K-Means.. The Simple Clustering Algorithm

If you do a quick Google search for clustering algorithms, k-means will undoubtedly be the first algorithm that will be mentioned in the search results, and for good reason too. It's the first algorithm that most professionals turn to for segmenting datasets.  Compared to other clustering methods out there, k-means is both very simple to implement and understand. In this post I will explain how this algorithm works and explain some pros and cons that you should be aware of when using this algorithm. In future posts, I will delve into more technical aspects of k-means and also walk through a coded implementation of this algorithm.

Here goes…

So what exactly is k-means?

The k-means algorithm divides a dataset into groups. The datapoints in each group are in close proximity of each other (at least as close to each other as possible). The k in k-means comes from the choice in the number of clusters to create. When using this algorithm, the practitioner provides two things:

  1. A dataset, and
  2. The number of clusters to create. We call this number k.

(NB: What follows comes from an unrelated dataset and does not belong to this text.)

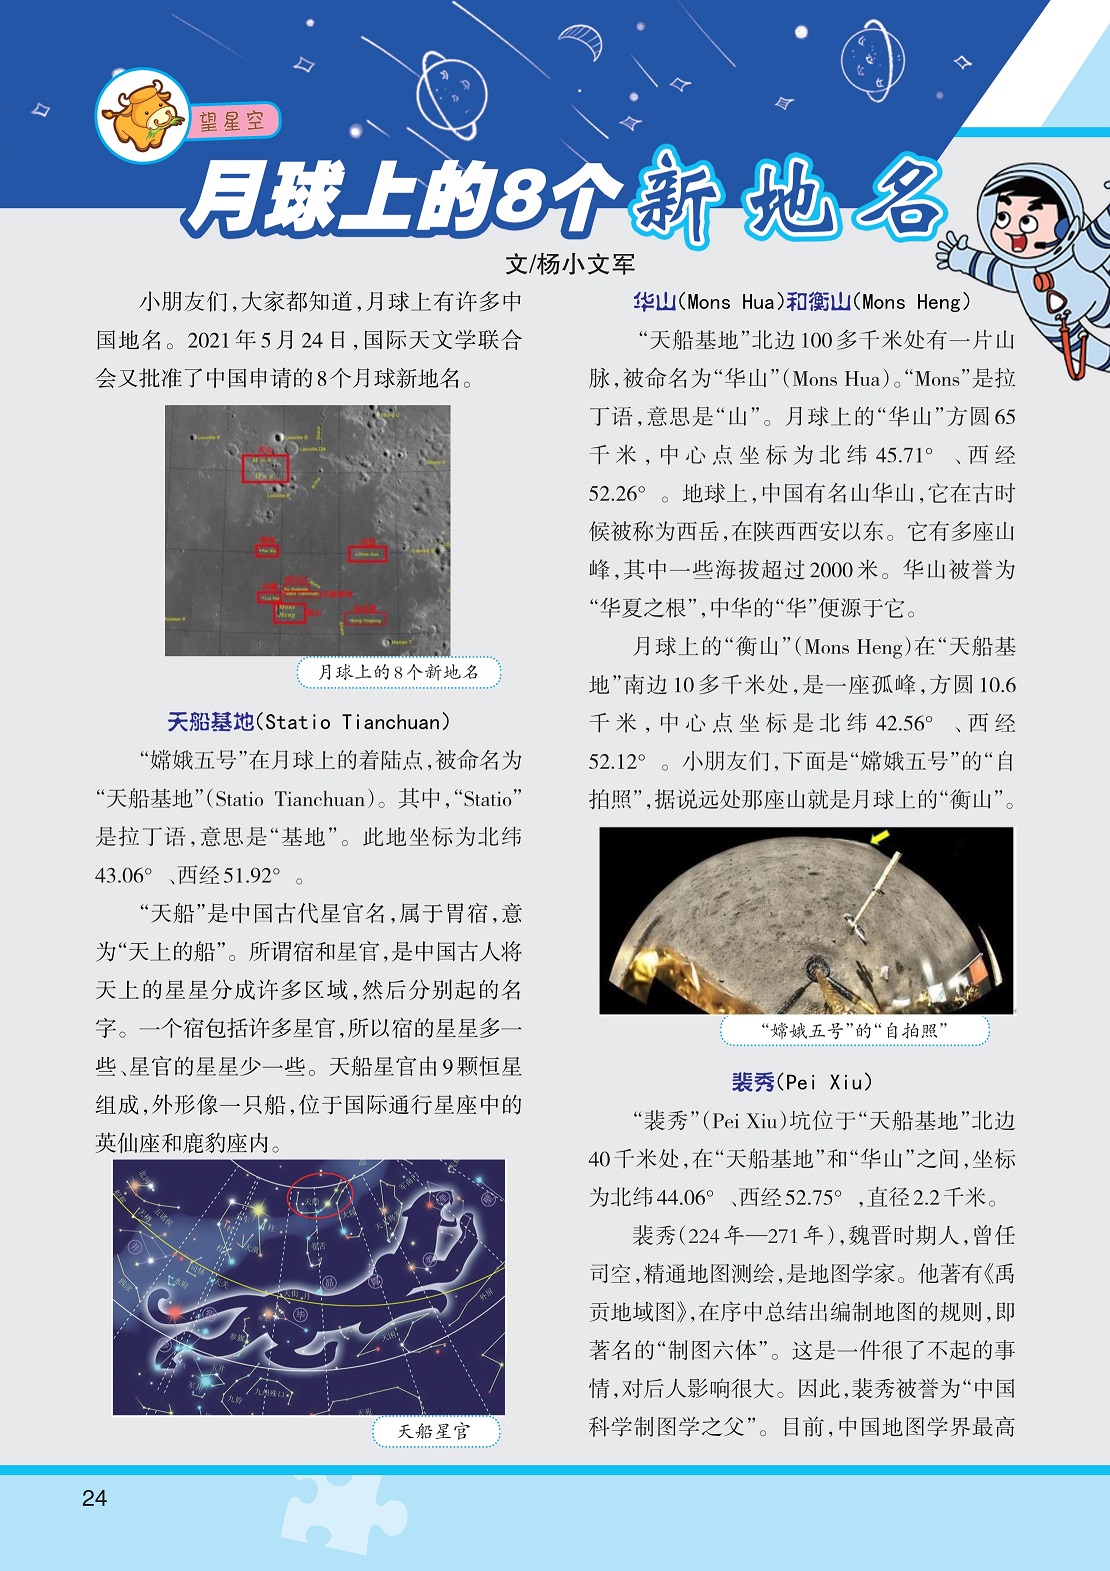 月球上有许多中国地名,“嫦娥五号”在月球上的着陆点被命名为“天船基地”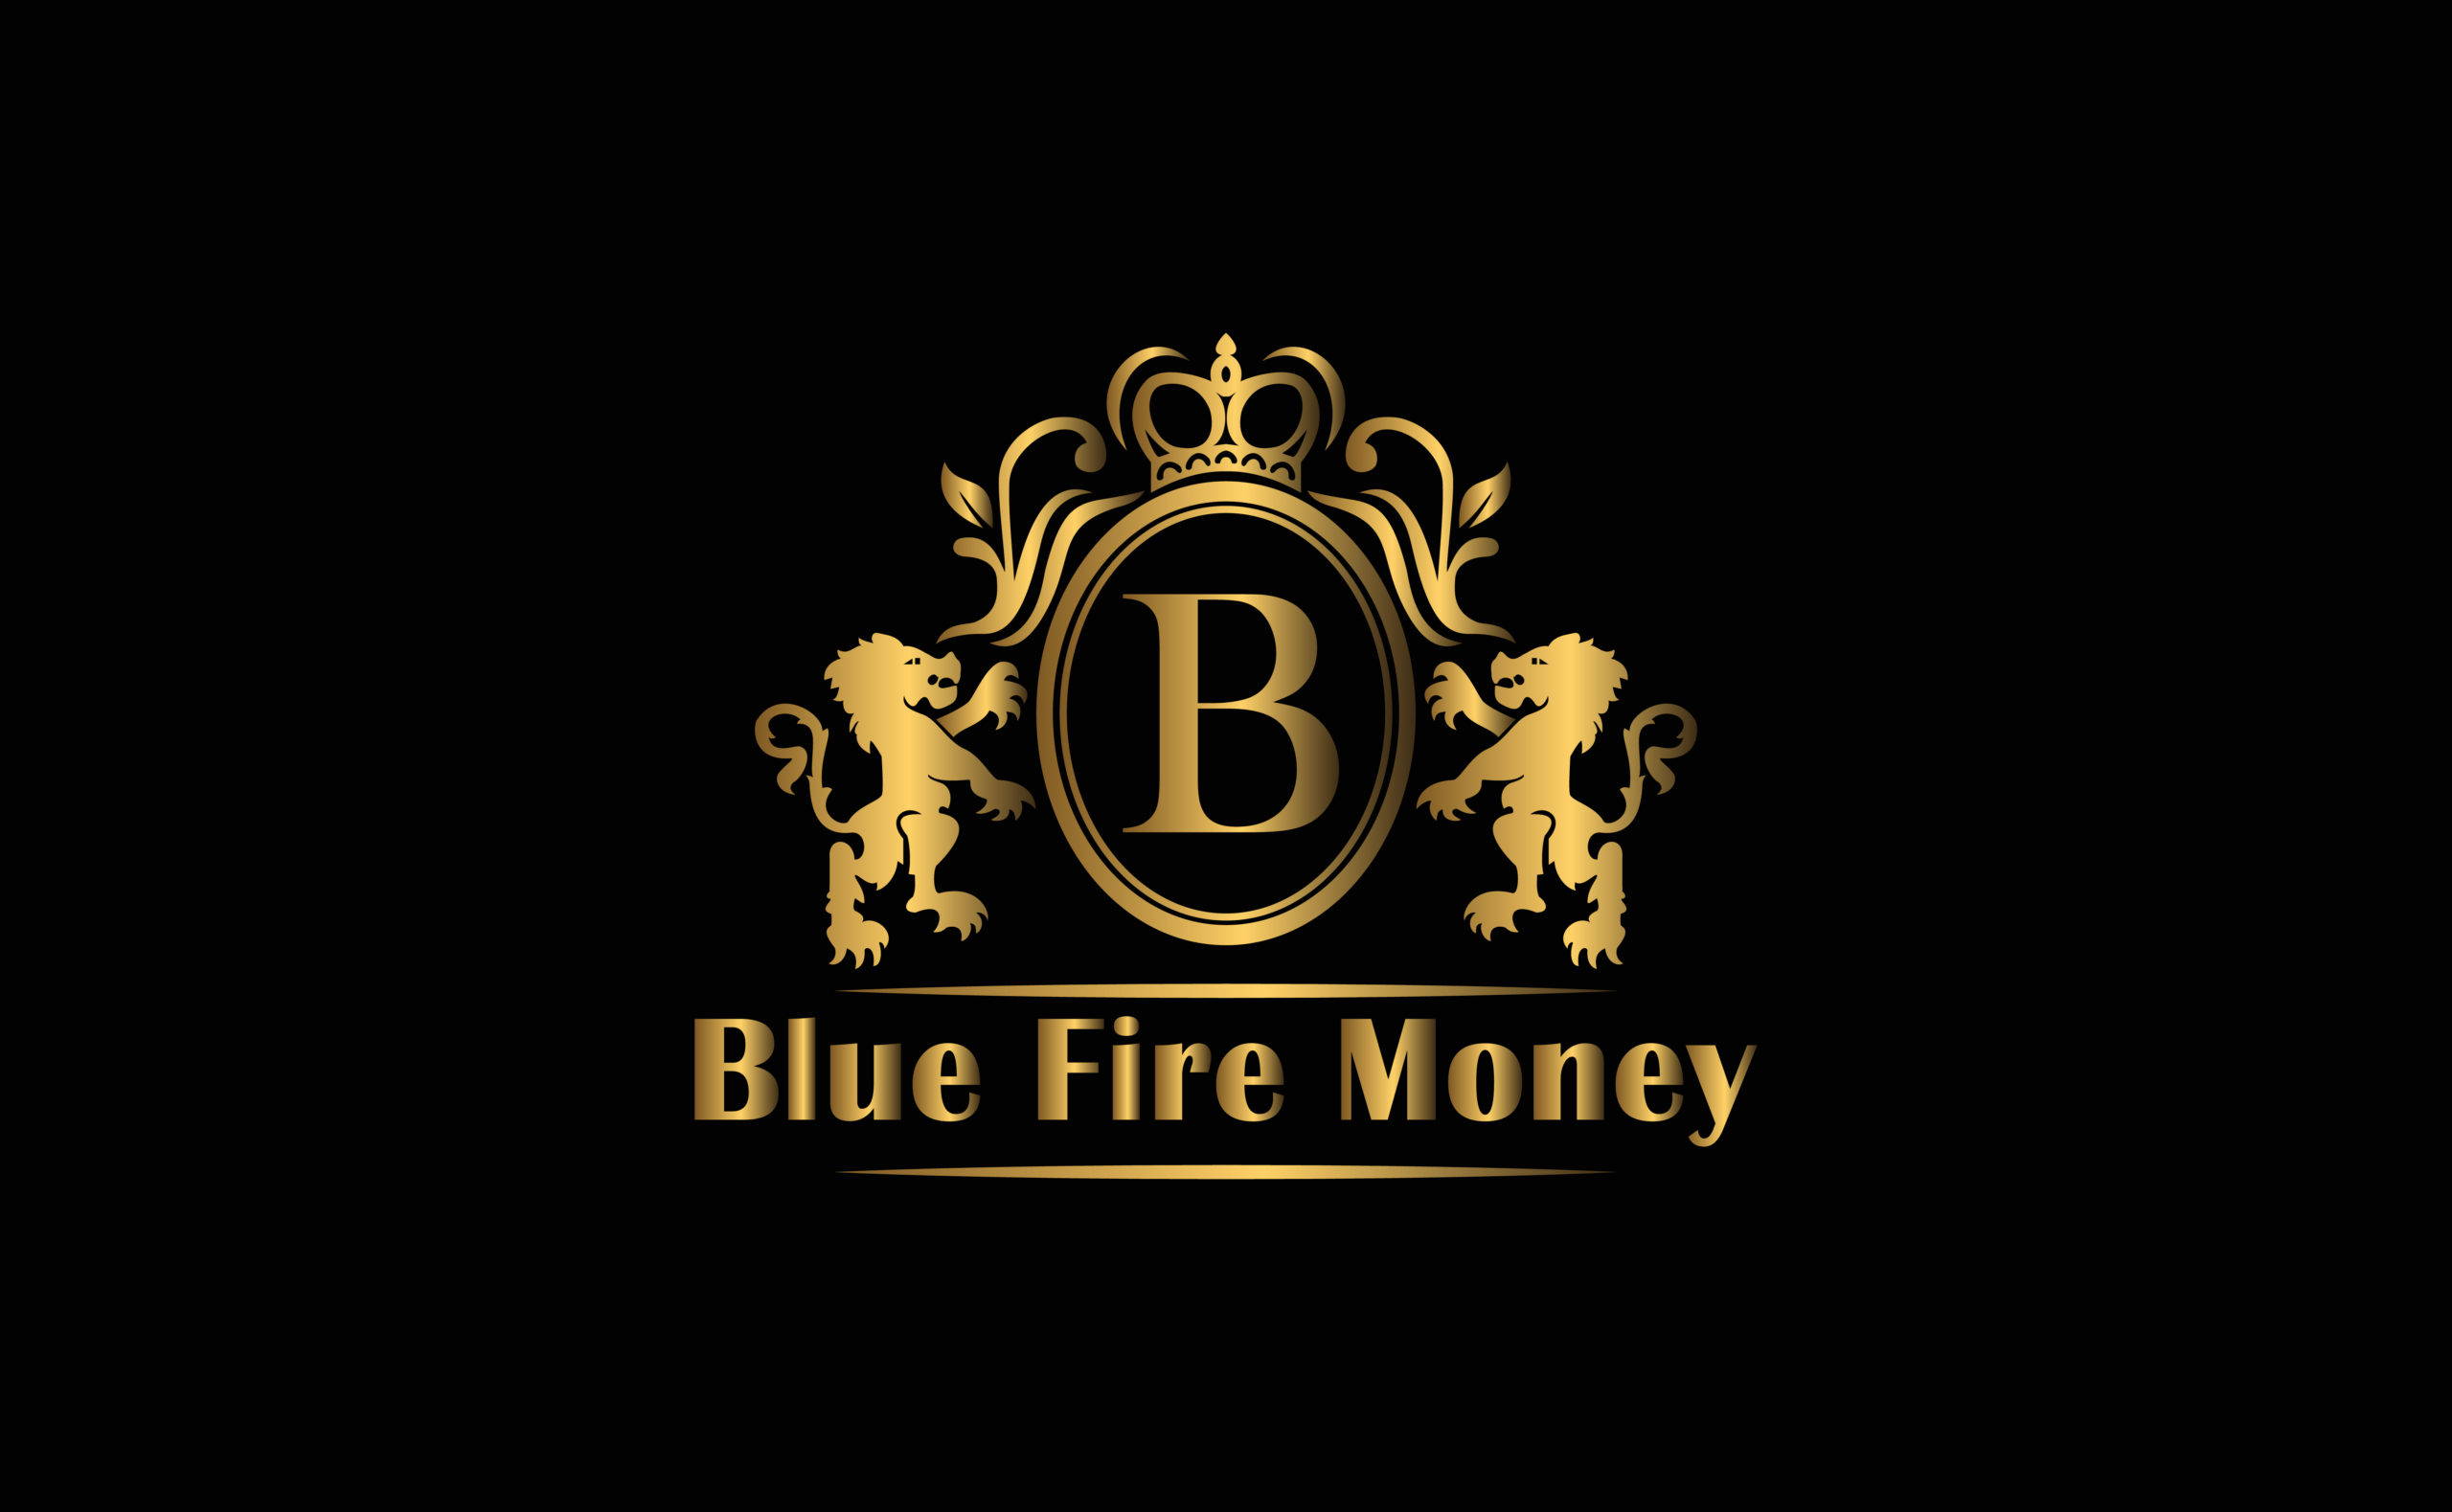 Bluefiremoney.com

The algorithm will then take the dataset and create the desired number of clusters. The means in k-means comes from the method in which the clusters are formed. The algorithm repeatedly estimates the center of each cluster by calculating the mean (average) of the data points in the cluster.  Another name for this center point is centroid. Each data point in the dataset is assigned a cluster based on how close it is to a centroid. This will make more sense once we go through the next section.

Before K-Means
After K-Means

So how exactly does it work?

Here's a breakdown of the clustering algorithm in all of it's parts.

Choose initial centroids
Assign points to cluster
Calculate new centroids
Repeat until done
  1. Choose k. The first step is to determine the number of clusters you'd like to create. We'll call this number k
  2. Select initial cluster centroids. In this step the algorithm chooses k data points from the dataset at random. These data points serve as center points (centroids) for the clusters.
  3. Assign data points to a cluster.  In this step the algorithm calculates the distance between each data point in the dataset and each centroid and assigns the data point to the centroid it is closest to.
  4. Calculate new cluster centroids. The algorithm calculates the new center points for each cluster by computing the calculating the average of each data point in the cluster.
  5. Repeat steps 3 and 4. The algorithm reassigns data points to clusters based on how close they are to the new centroids. After the reassignment new cluster centroids are computed. This process is repeated until no changes in the assignments are made.

But wait, how is distance between a data point and a centroid calculated?

There are many methods that can be used to calculate distance (i.e. similarity) between points, many of which I plan on covering at a later time. But the method most commonly used is Euclidean distance. The formula is as follows:

So, what are the advantages of k-means?

Very Simple to Implement. This is probably one of the biggest advantages of this algorithm. Not only is it very easy to implement, it is also very easy to interpret and visualize compared to other algorithms out there.

Very efficient. The k-means clustering algorithm is highly scalable and can efficiently cluster large datasets.

Highly adaptable to new data points. K-means clustering algorithm is extremely flexible and can adjust the clustering of the data as new data points are added to the dataset. This is really great for real-time applications where new data points can be inserted to the dataset on the fly.

And, what are the disadvantages of k-means?

K must be chosen manually. As you may have already surmised from the explanation of the algorithm, K-means is not capable of determining the optimal number of clusters in the dataset automatically. You must specify the number of clusters in advance. In a future post I will cover some strategies you can use to determine the optimal number of clusters for K-means

Very sensitive to noisy data and outliers. The presence of extreme data points in the dataset can have a huge impact on the quality of the clusters that are formed. The placement of cluster centroids, for instance can be heavily influenced by outliers. Or better yet, outliers might even get their own cluster instead of being ignored. To prevent any of these from occurring, make sure to remove these outliers from the dataset before clustering.

Dataset with outliers before clustering
Dataset with outliers after clustering

Results are inconsistent. Due to the fact that the initial center points are chosen at random, you can run k-means multiple times on the same dataset and get different answers. What people therefore do in practice is run k-means several times with different initial values and pick the one with the best result.

Works best with spherical datasets. One big assumption K-means has on the dataset is that it contains spherically shaped clusters. This is not always the case however. When given datasets such as the one below, K-means may produce a result that might not be what you'd expect.

Non spherical dataset before clustering
Non spherical dataset after clustering

Assumes clusters have similar density. Another big assumption that K-means makes on the dataset is that the clusters are even in size and density. When given dataset with uneven distributions of points per cluster, the clustering starts to break down.

What's next?

You now have a high level understanding of k-means clustering and how it works. Other the next few posts, I will start diving into more technical details on the algorithm, including strategies for choosing the optimal number of clusters, and other distance methods you can use with k-means.